Destination means the new partition on the internal drive. Source means the USB flash drive.
Option Two:
If you have a large enough external drive you can erase and use, then it would be easier to just clone the entire Snow Leopard system from the source Mac computer to the external drive.
Clone using Restore Option of Disk Utility
- Open Disk Utility from the Utilities folder.
- Select the destination volume from the left side list.
- Click on the Restore tab in the DU main window.
- Check the box labeled Erase destination.
- Select the destination volume from the left side list and drag it to the Destination entry field.
- Select the source volume from the left side list and drag it to the Source entry field.
- Double-check you got it right, then click on the Restore button.
Destination means the external drive. Source means the Snow Leopard Mac's internal drive.
After cloning verify that it will boot the source Mac. If so then take the external drive to your new Mac boot with it. If all is well then restore the clone to the new partition on your new Mac:
Restore the clone using Disk Utility
- Open Disk Utility from the Utilities folder.
- Select the destination volume from the left side list.
- Click on the Restore tab in the DU main window.
- Check the box labeled Erase destination.
- Select the destination volume from the left side list and drag it to the Destination entry field.
- Select the source volume from the left side list and drag it to the Source entry field.
- Double-check you got it right, then click on the Restore button.
Destination means the new partition on the internal drive. Source means the external drive.

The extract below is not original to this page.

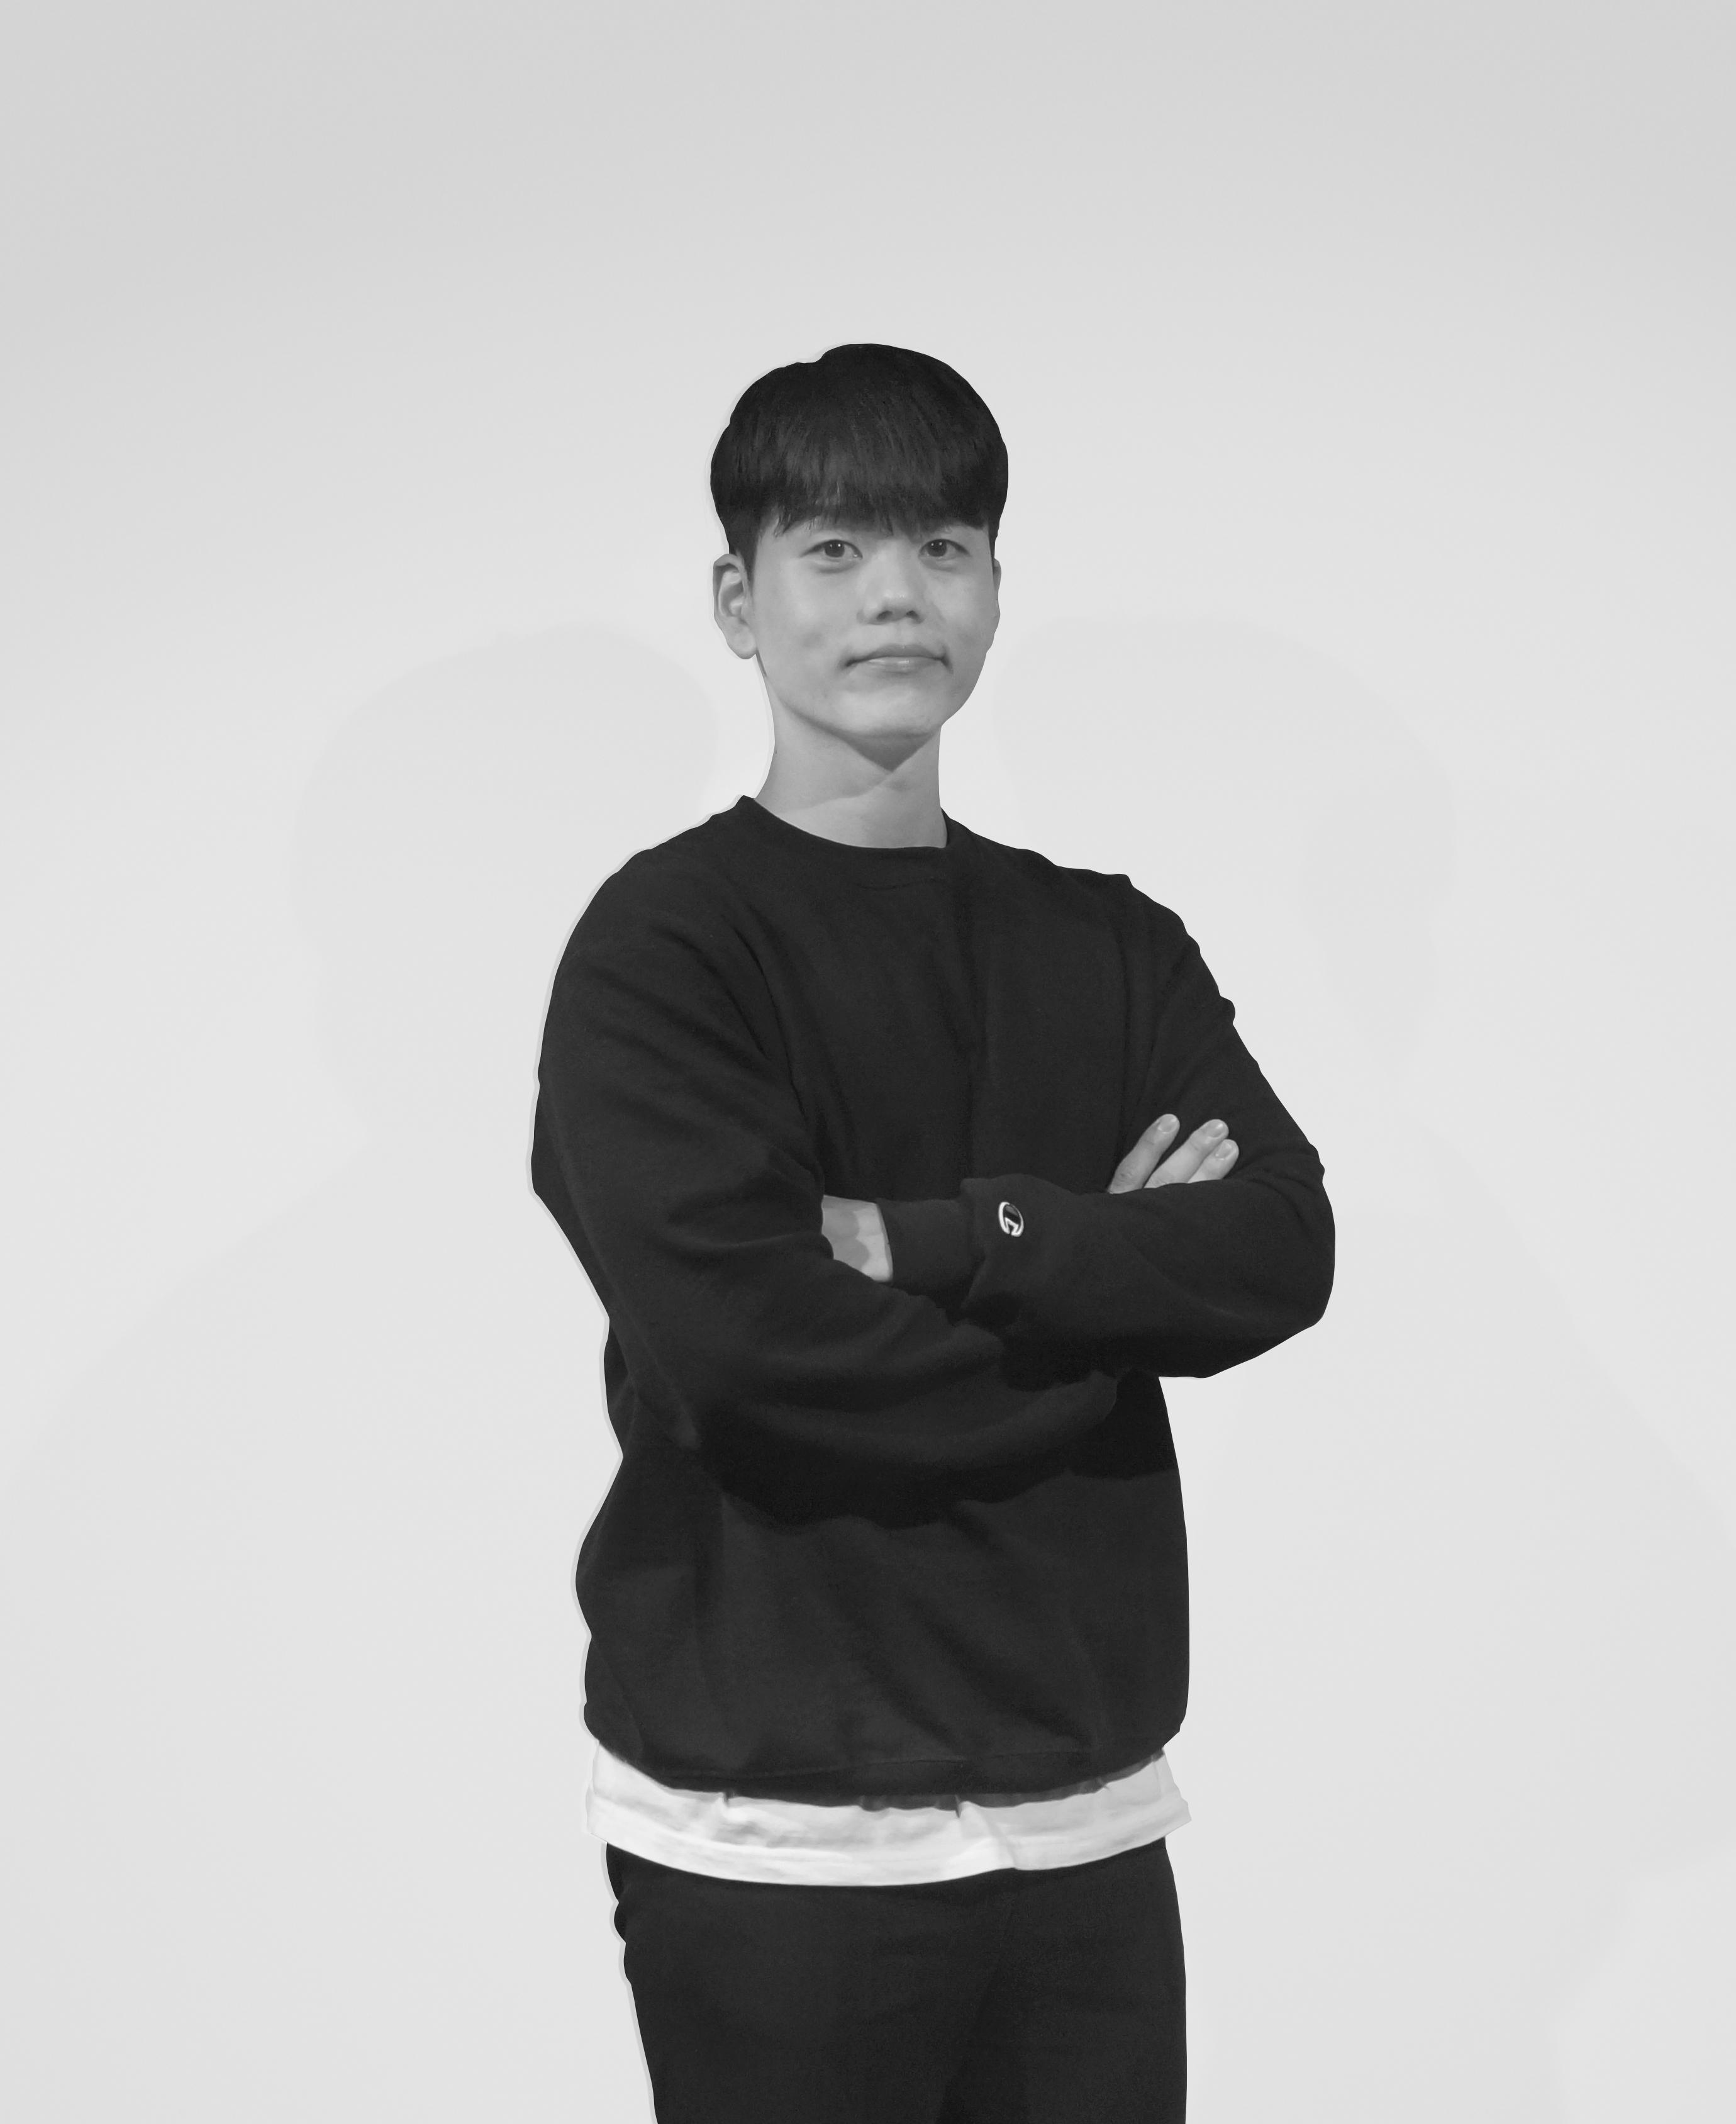 Sunwook Hwang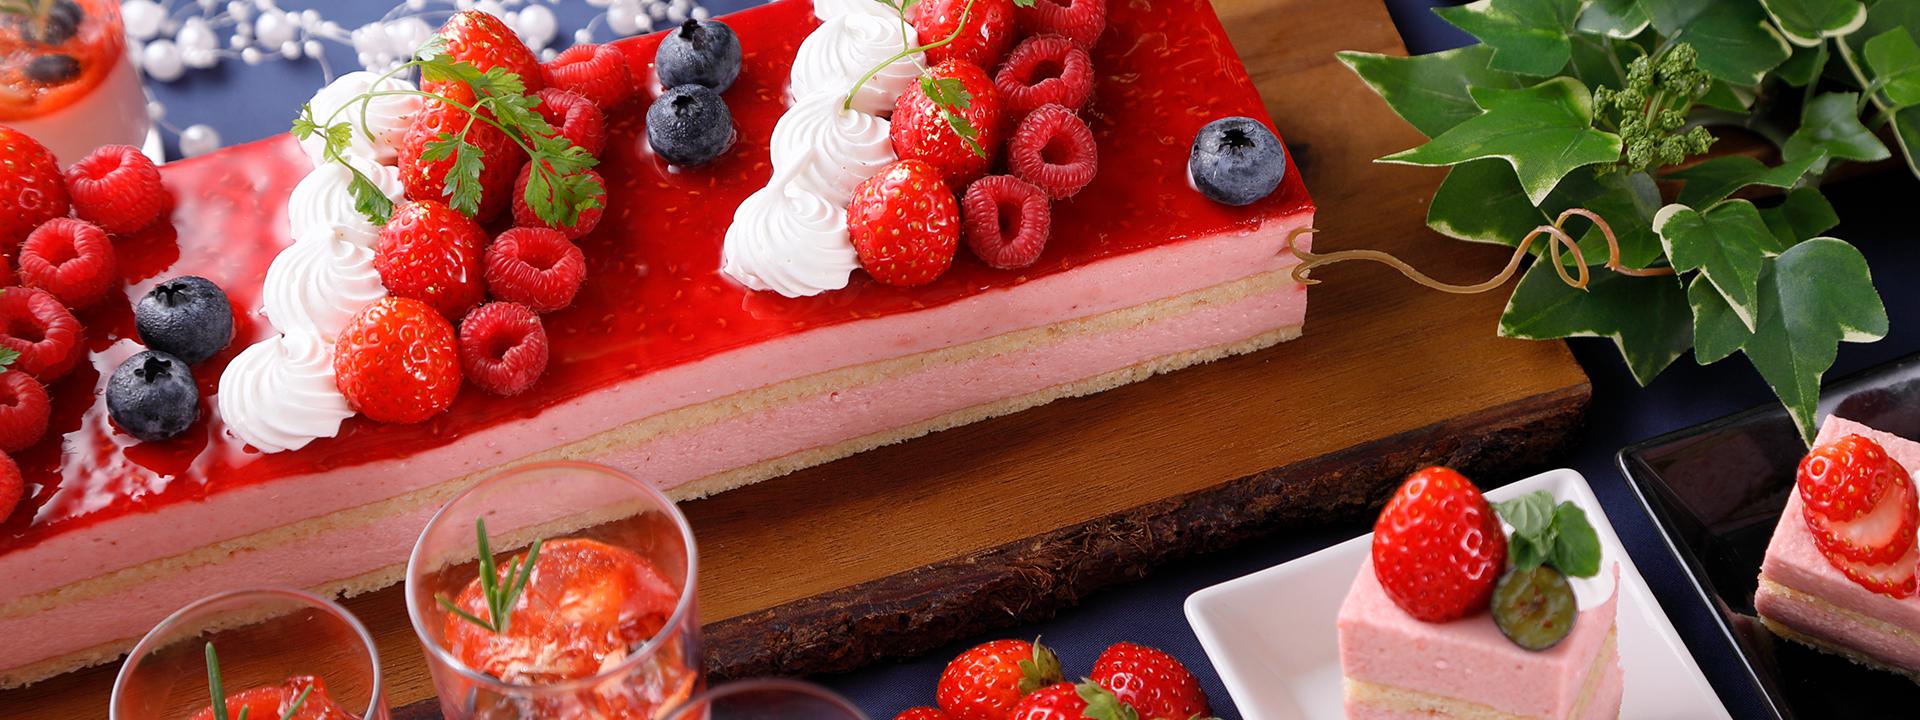 旬のいちごを贅沢に楽しめる「ナイトスイーツブッフェ ~Strawberry Hunt~」が開催! - restaurant grindelwald plan43022 img02

If the above seems too daunting then you might consider running Snow Leopard inside an emulator such as Parallels 7. You are permitted to install a single copy of Snow Leopard inside a virtual machine. You will need to first purchase a copy of Parallels 7 and install it on your new Mac. Create a new virtual machine configured for Mac OS X. You may then install Snow Leopard in the virtual machine then download Mac OS X 10.6.8 Update Combo v1.1 and update to 10.6.8. Be sure to include Rosetta in your initial Snow Leopard installation. Rosetta is not installed by default rather it's an optional install.